То, что Грибоедов называет лечением, Чаадаев считает болезнью. Поэтому оказывается, что Грибоедов тоже болен.
Вся сцена построена на том, что Грибоедов считает безумцем Чаадаева, а Чаадаев Грибоедова. А дальше выясняется, что «все больны». Болезнь Грибоедова — болезнь века: «Все больны… Европа… Она тоже наподобие вас, не находит сама себя». Войны, победы, завоевания, мир — тоже болезнь, безумие, агорафобия.
Потом Чаадаев опоминается от безумия мнительности, но тотчас же начинается безумие оторванности от людей и от времени.
«— Все это глупости, любезный Грибоедов, я вас мучаю такими мизерами, что, право, смешно и глупо. Вы откуда и куда?
— Я? — удивился слегка Грибоедов. — Я из Персии и везу в Петербург Туркменчайский мир.
— Какой это мир? — легко спросил Чаадаев.
— Мир? Но Туркменчайский же. Неужели вы о нем не слыхали?
— Нет, я ведь никого не принимаю, только abbe Барраль ко мне заходит. Газет я не читаю.
— Вы, чего доброго, не знаете, пожалуй, что у нас война с Персией? — спросил чем-то довольный Грибоедов.
— Но ведь у нас, кажется, война с Турцией, — сказал равнодушно Чаадаев.
Грибоедов посмотрел на него серьезно:
— Это начинается с Турцией, а была с Персией, Петр Яковлевич.
— Бог с ним, с этим миром, — сказал надменно Чаадаев…»
Чаадаев выпал из времени, и о нем сказано нечто настораживающее: «Новая Басманная с флигелями отложилась, отпала от России». Это настораживает, потому что очень похоже на фразу о Ермолове: «Показалось, что он хочет отложиться, отпасть от империи…» (курсив в обоих случаях мой. — А.Б.).

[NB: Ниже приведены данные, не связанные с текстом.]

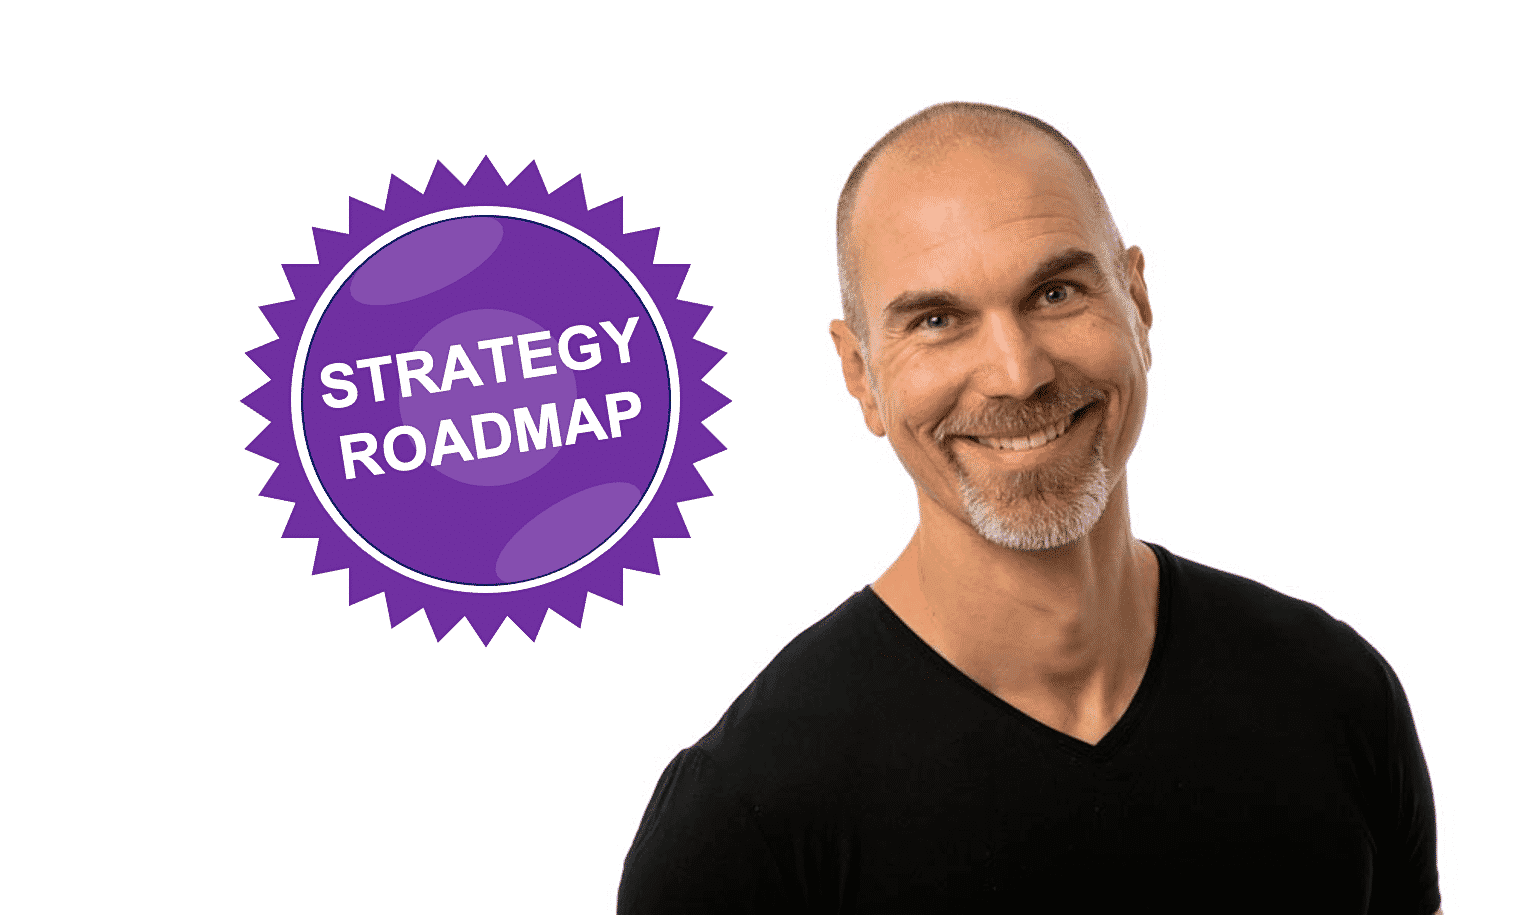 Roman's Product Strategy and Roadmap Training
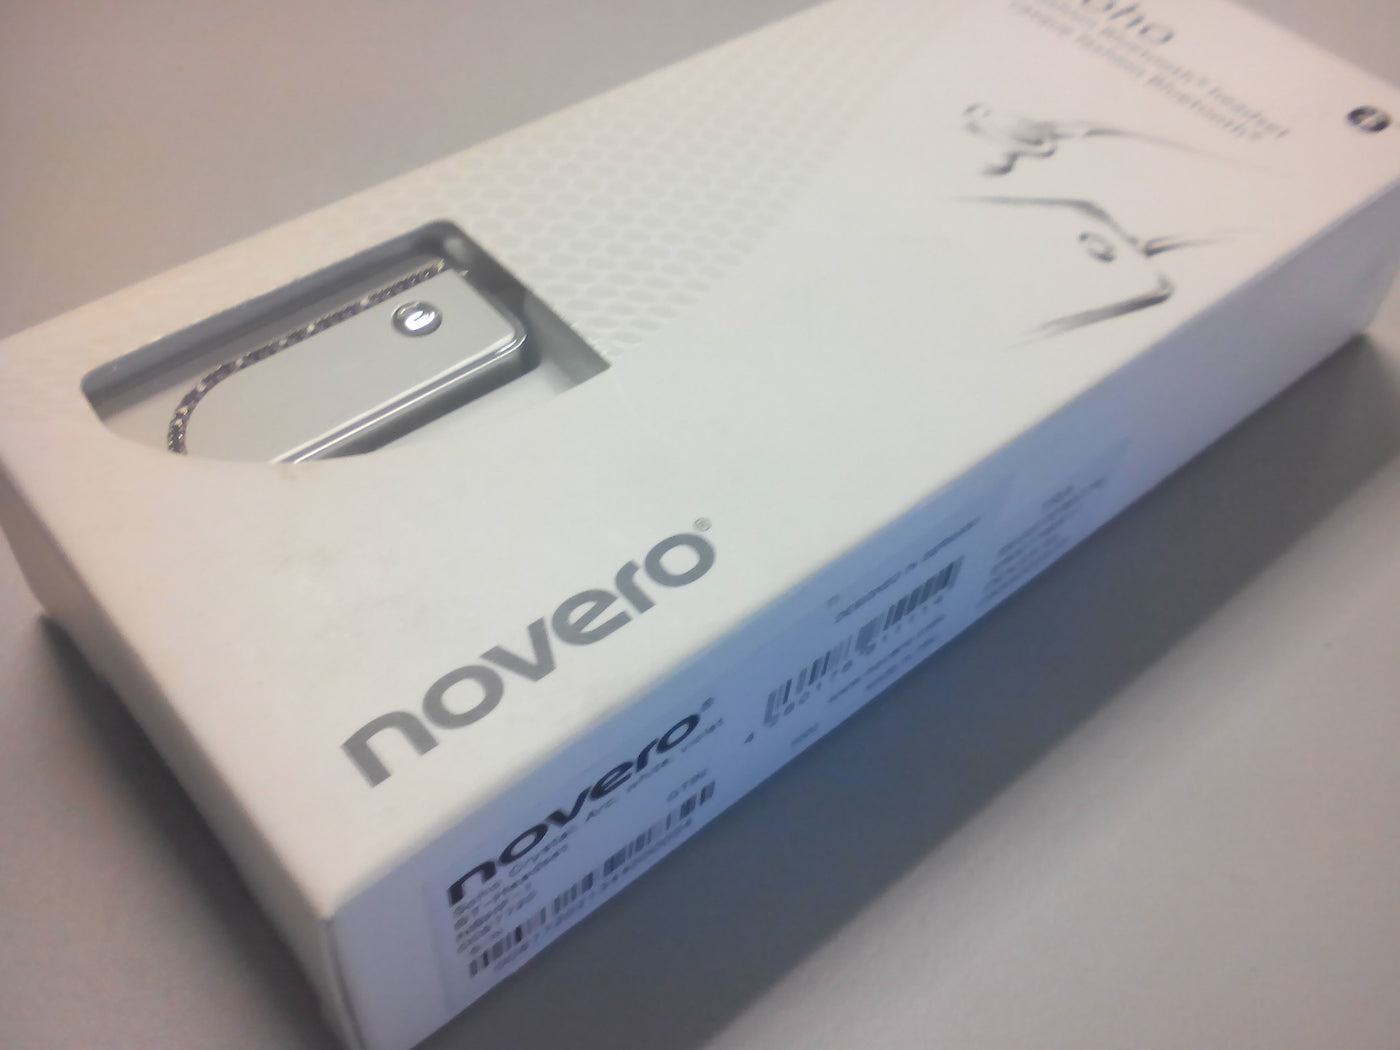 Novero Soho Crystal Arc Bluetooth Headset - White / Violet - PC User | PC Parts And Spares | FREE UK DELIVERY

Но о Ермолове так думают люди, раздавившие восстание, а о Чаадаеве — Грибоедов.
И постепенно «сумасшедший» (по мнению Грибоедова) Чаадаев начинает теснить «сумасшедшего» (как думает Чаадаев) Грибоедова. И Грибоедов оправдывается: «Положим, однако, что я еще не совсем с ума сошел… различаю людей и предметы, между которыми движусь».
А после этого сказано: «Все больны».
В конце сцены Чаадаев, услышав о грибоедовском проекте, вдруг неожиданно говорит: «Мой друг, мой дорогой друг… когда я вижу, как вы, поэт, один из умов, которые я еще ценю здесь, вы не творите более, но погружаетесь в дрязги, мне хочется сказать вам: зачем вы стоите на моем пути, зачем вы мешаете мне идти». Сумасшедший, ничего не знавший о Грибоедове, о войне, о мире, выпавший из жизни человек разгадал главное: поэт перестал творить и погрузился в дрязги.
Таков путь, пройденный Грибоедовым и Чаадаевым от «Кюхли» до «Смерти Вазир-Мухтара». Чаадаев в «Смерти Вазир-Мухтара» подается через Грибоедова, и Грибоедов поддерживает официальную версию сумасшествия Чаадаева. И даже опережает ее на восемь лет.
Вот что осталось после поражения восстания: безумный философ.
Пробужденный декабристами Герцен подменен уснувшим Чаадаевым.
Герцен подменен Чаадаевым, толкованным тенденциозно и неправильно, Чаадаевым-безумцем.
Это, конечно, ошибка, раздраженное преувеличение. Но происхождение ее объясняет многое: Тынянов был твердо убежден в том, что гибель декабризма сыграла в русской истории роковую и непоправимую роль.
Разгром восстания был не только одним из многих тяжелых событий русской истории.
Гибель декабризма сыграла роковую и непоправимую роль в истории русской государственности, социальных движений, общественной мысли XIX и начала XX веков. Легкость расправы с декабризмом утвердила уверенность власти в позволительности любых способов подавлять сопротивление, уничтожать инакомыслие, убедило неустойчивую часть общества в позволительности обращаться с ним самым отвратительным, презренным и бесчеловечным образом. И только демократические и революционные движения 60-х годов и 1905 года серьезно колебали эту убежденность.
Поэт, переставший творить, за пять лет до этого написал «Горе от ума», и в первом романе об этом рассказано подробно.
Пять лет бродит человек по России, Персии, Кавказу и появляется во втором романе, чтобы погрузиться в дрязги.
Жизнь постарела на пять лет.
Она состарила Ермолова, состарила Чаадаева, умудрила житейским опытом постаревшего Пушкина, и «знаменитый человек, автор знаменитой комедии, восходящий дипломат» Грибоедов стал старым.